An Irishman's Diary

 

SINCE his death in 2004, the reputation of the philosopher/theorist, Jacques Derrida, whose name is synonymous with “deconstruction”, has gone from strength to strength. A man of immense intellect and boundless energy – his publications output of more than 70 books is nothing short of remarkable – he never attained the type of respect among the French academic establishment that he enjoyed in the United States, where “French theory” became a growth industry in university campuses from the 1970s onwards.

His ostracism in France may have had something to do with the fact that his approach was very far removed from the traditional discourse that the French system demands. Also, he is a figure whom it is difficult to situate in intellectual terms: was he a philosopher or a literary critic? In a sense he was neither and both. Impossible to classify, he inspired suspicion and adoration in equal measure. Benoît Peeters’s biography, simply entitled Derrida, published by Flammarion, is the first to be published since the author’s death.

Peeters is conscious of the magnitude of his task: after all, Derrida was one of the most influential thinkers of the 20th century. Although the biography contains 740 pages, one has the impression that it could have been a lot longer, so rich was the life and the work of this exceptional thinker. Also, the biographer was keenly aware of the wariness displayed by Derrida towards biography: in one of his conference papers, for example, he cited the following comment of Heidegger in relation to Aristotle: “He was born, he thought, he died”. All the rest was just anecdotal, in Derrida’s view. However, Peeters states that writing the life of Derrida means telling the story of a Jew from Algeria, who was (temporarily) banned from school at 12 years of age and subsequently became the most translated French philosopher of all time. It means coming to grips with a complex, tormented man who always felt like an interloper in the French university system. There is something unique about the capacity of the pied-noirs, the French colonists in Algeria, to view French society through the eyes of the “outsider”. Small wonder, then, given his origins, that the “Other” forms such an important part of Derrida’s philosophy.

Generations of Irish third-level students from the 1970s onwards were exposed to the ideas of French theory in faculties as diverse as sociology, anthropology, English and, of course, French. It challenged them to question the traditional trust placed in language to convey meaning. It also taught them to question “givens” and to deconstruct myths that are often treated as reality. In the current crisis we are undergoing, such skills could prove invaluable.

From the time he came to Paris to attend the Lycée Louis-le-Grand in 1949 to his death in 2004, Derrida was at the centre of some of the most seismic events in world history. He would be accepted into the École Normale Supérieure in 1952, which marked the beginning of a long association with the venerable rue d’Ulm institution as a student and professor. Louis Althusser was a close friend and colleague, but he was also close to the writers Jean Genet and Hélène Cixous.
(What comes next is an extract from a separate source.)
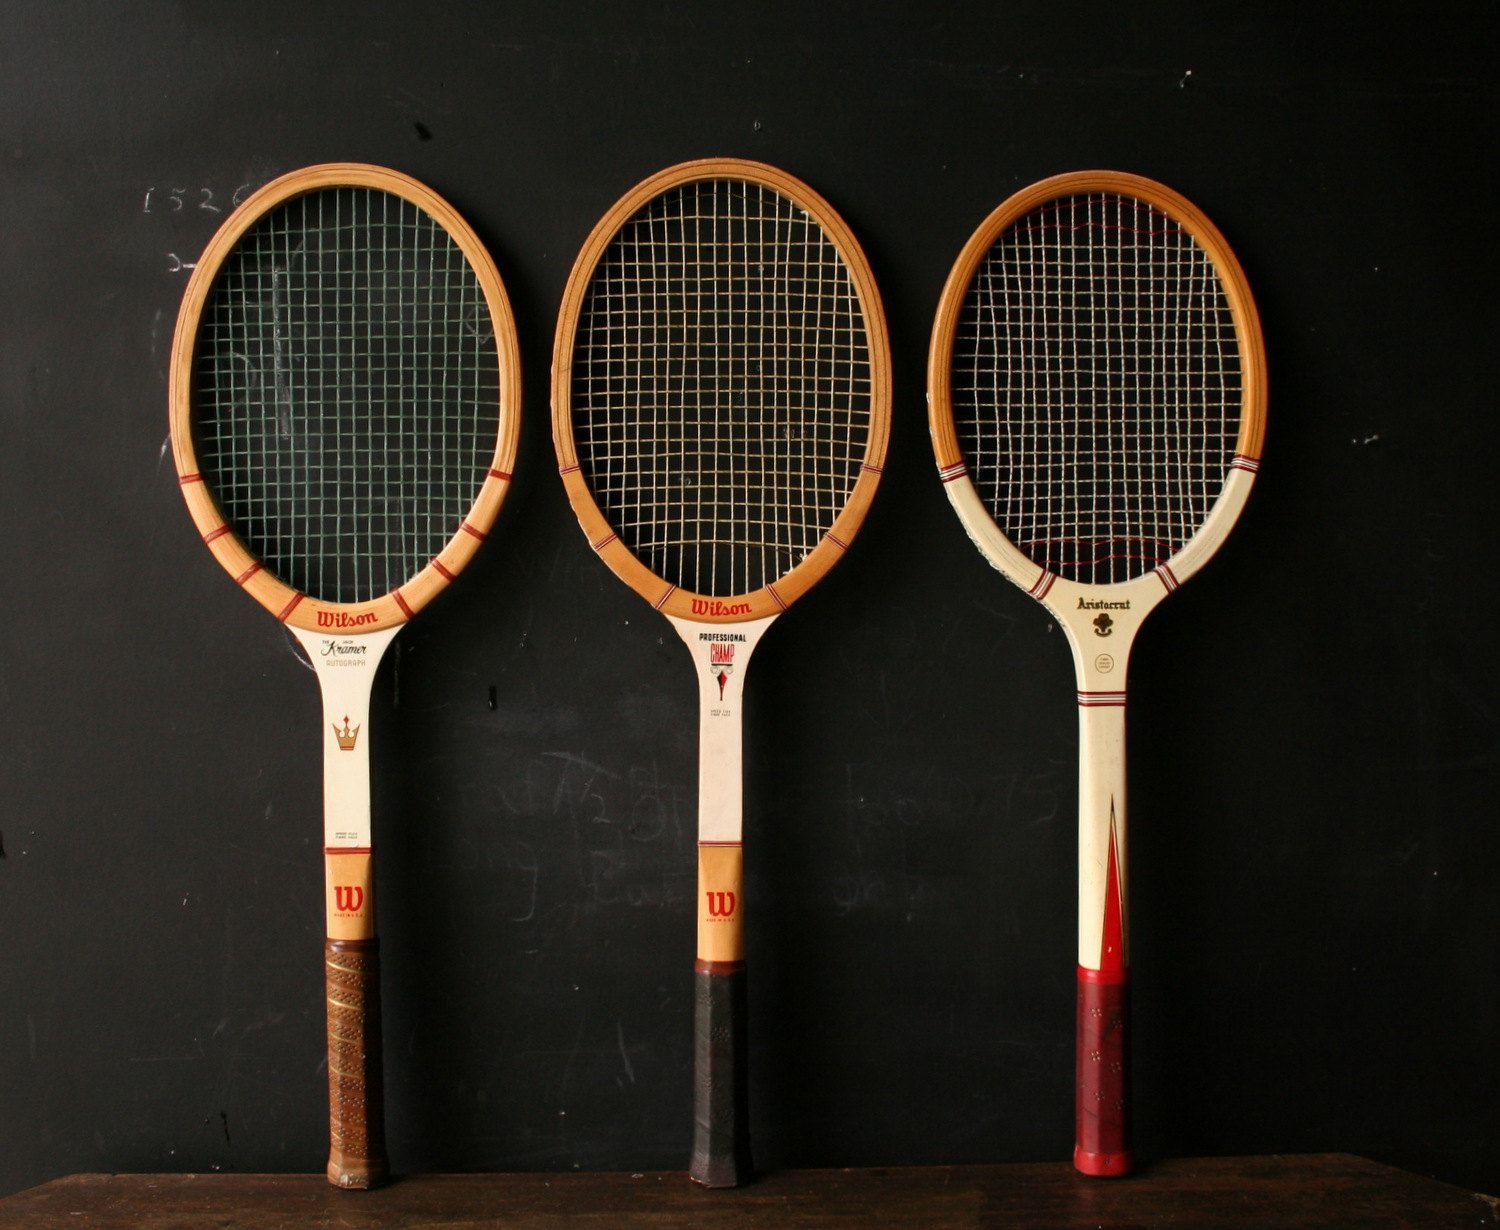 Ракетка для большого тенниса взрослая. Ракетка Wilson ретро. Теннисные ракетки t.t Racket boki. Snauwaert теннисная ракетка 1979.

Paul de Man was the person responsible for establishing and spreading his reputation in America, where he would spend a lot of time giving seminars and serving as visiting professor in various prestigious institutions. With other philosophers such as Maurice Blanchot, Michel Foucault, Claude Lévi-Strauss, Jacques Lacan, Paul Ricoeur and Jürgen Habermas, his relations were marked by controversy and the occasional bitter exchange. Life in academe is not renowned for its serenity, but some of what is described by Peeters is nothing short of vicious.

The Algerian war preoccupied Derrida, as it did Camus, another pied-noir, and his family had to move to France to escape the atrocities that preceded independence. He lived through the turmoil of May ’68 and had a lifelong association with leftist politics without ever aligning himself definitively to communism or socialism. He was shocked by the repercussions caused by 9/11 and visited New York shortly afterwards. He was totally committed to his students, whose work he always corrected with care and whose careers he promoted zealously. Shortly before his death, it was strongly rumoured that he would be awarded the Nobel prize, but it was just one more honour that escaped him.

Reading this biography, one’s respect for Derrida grows as one discovers the human side behind the public persona. He was a child of the Mediterranean who experienced rejection on numerous occasions because of his “otherness”. He suffered from sporadic depression, and had one well-publicised romantic entanglement that caused great pain to him and those close to him. He knew all about alienation and, while he was capable of vindictiveness, he was also prepared to mend bridges and start afresh. All in all, Peeters’ work shows us a new dimension of Derrida and makes the man, if not his work, less impenetrable.